Seth Warner (Vassar) on What Happens as the "God Gap" Widens

By: Seth Warner

November 2, 2012

How Can We Fix Our Democracy?

Religion has always influenced politics. Although it works differently between people, as long as religion serves as inspiration in the lives of believers, its tenets will be expressed in their candidates and in their votes.
That’s not a bad thing. Although religion has been used to oppress in the past, it also liberated, serving formative roles in the movements for abolition, fair labor practices, and civil rights.

The problem today is that politics influences religion. With the counterculture revolution of the 1960s, and the rise of the Christian right in the 1970s, religion’s moral role in policy discussions became a partisan role in electoral politics.

Putnam and Campbell’s exhaustive study in American Grace reveals several current-day effects of this “God gap.” In tracking Americans’ social values over several years, they found that political conservatism was a positive, independent variable in determining religiosity—not the other way around!

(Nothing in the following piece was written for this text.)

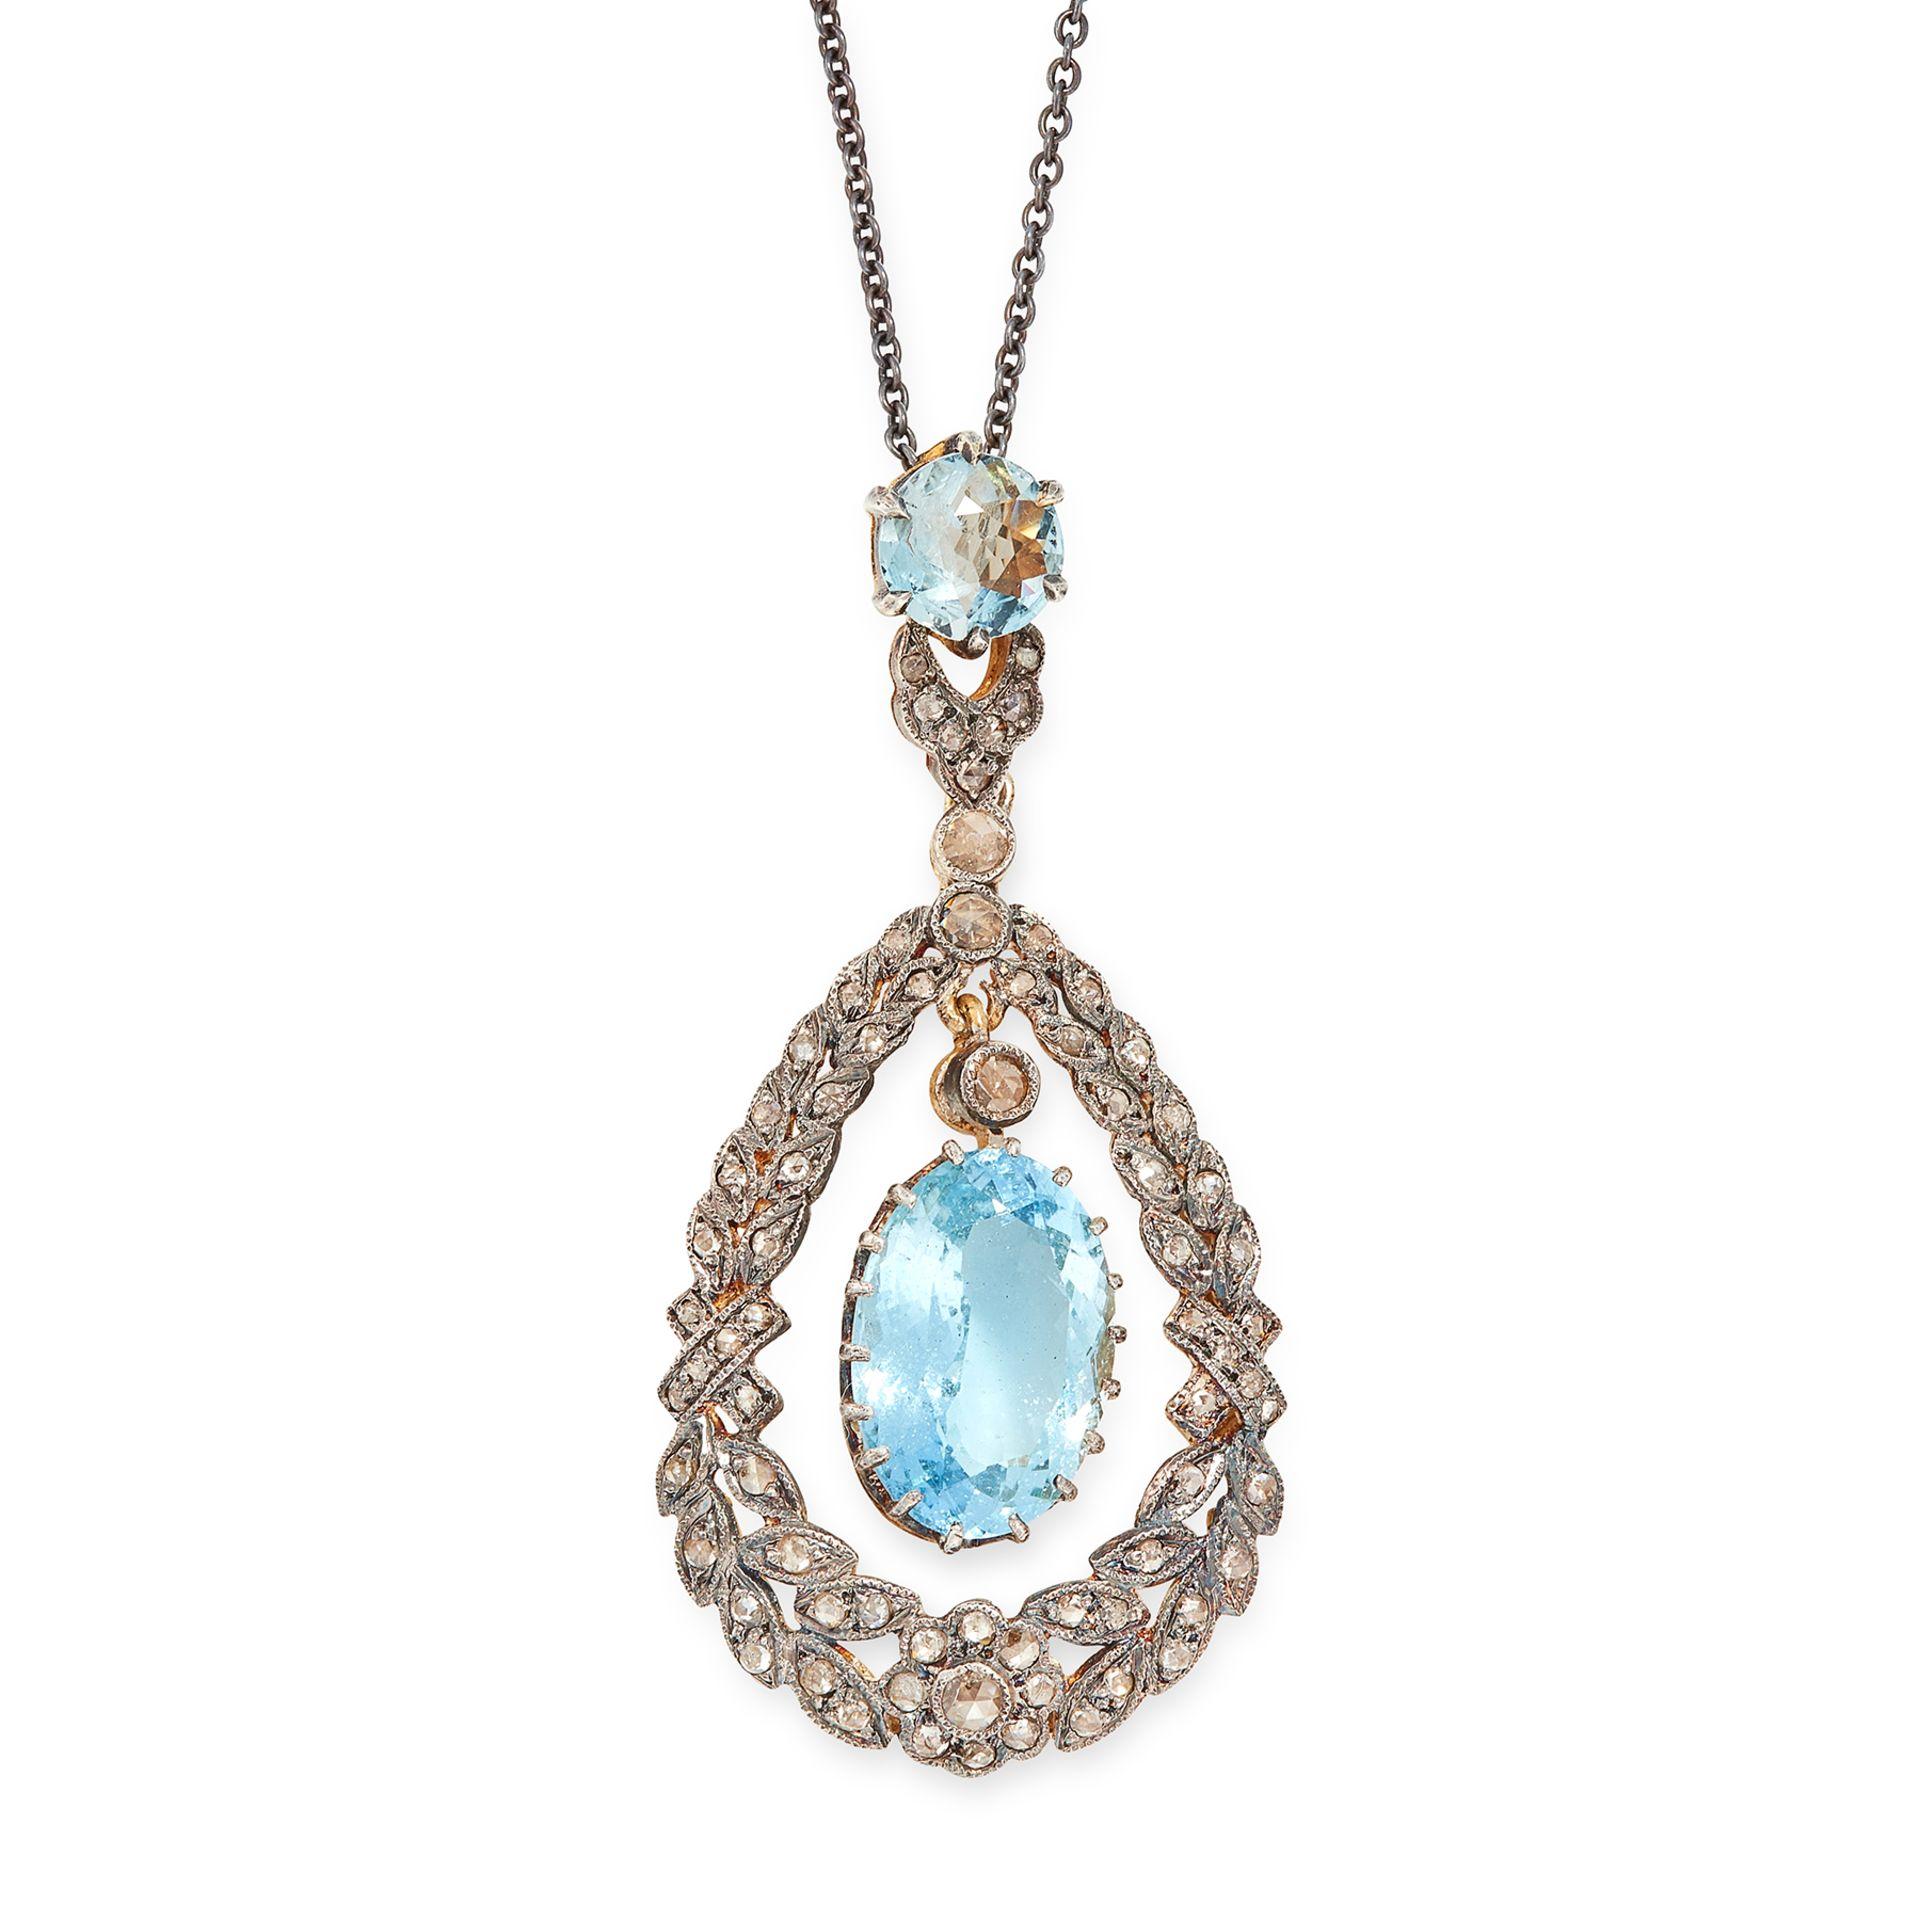 AN AQUAMARINE AND DIAMOND PENDANT AND CHAIN the pendant set with a principal oval cut aquamarine

We catch a glimpse of this politics-driven trend in the Berkley Center’s recent social survey of millennial-generation Americans. Five years ago, evangelicals were more likely than any religious group to reject Mormonism’s claim to be a Christian religion. In the survey, however, evangelicals were least likely to consider Mitt Romney’s religious beliefs different from their own.*

The political nature of religion today has devalued discourse about God and displaced Americans from their true religious beliefs. Interestingly, these ills make Putnam and Campbell optimistic for the future. Politics has confounded our religious landscape, they argue, but like an economy of ideas, religion’s place in American life will return to its natural equilibrium.

Hopefully, they’re right. But parallel to my response to E.J. Dionne’s presentation was a fear that religion may take on a greater role in this generation’s politics. America’s non-white population will become a majority by 2050, and they vote Democratic in remarkable numbers. To stay in business, the Republican Party must start winning Hispanic, African-American, and Asian votes.

Although economic attitudes may shift, the only historical link between the GOP and minority voters is a strong, Christian religiosity. If these groups join hands in the end, they may do so while holding a cross.

As a liberal person of faith, I find this possible future dystopic. Faith is more complicated than sound bites delivered on cable news. The profound and mysterious relationships by which people engage their God should not be categorized by party, on one hand, or remotely confined to the private sphere, on the other.

I believe that Americans agree. I hope that the future breaks this binding dichotomy. But for now, we can’t say anything for sure.

*This apparent inconsistency could also be caused by different attitudes toward Mormonism between older and millennial evangelicals. That the questions are incongruous could also change responses. But the jump from furthest to closest in self-identified proximity to Mormonism in these questions suggests that something else was at play. Politics is the obvious variable.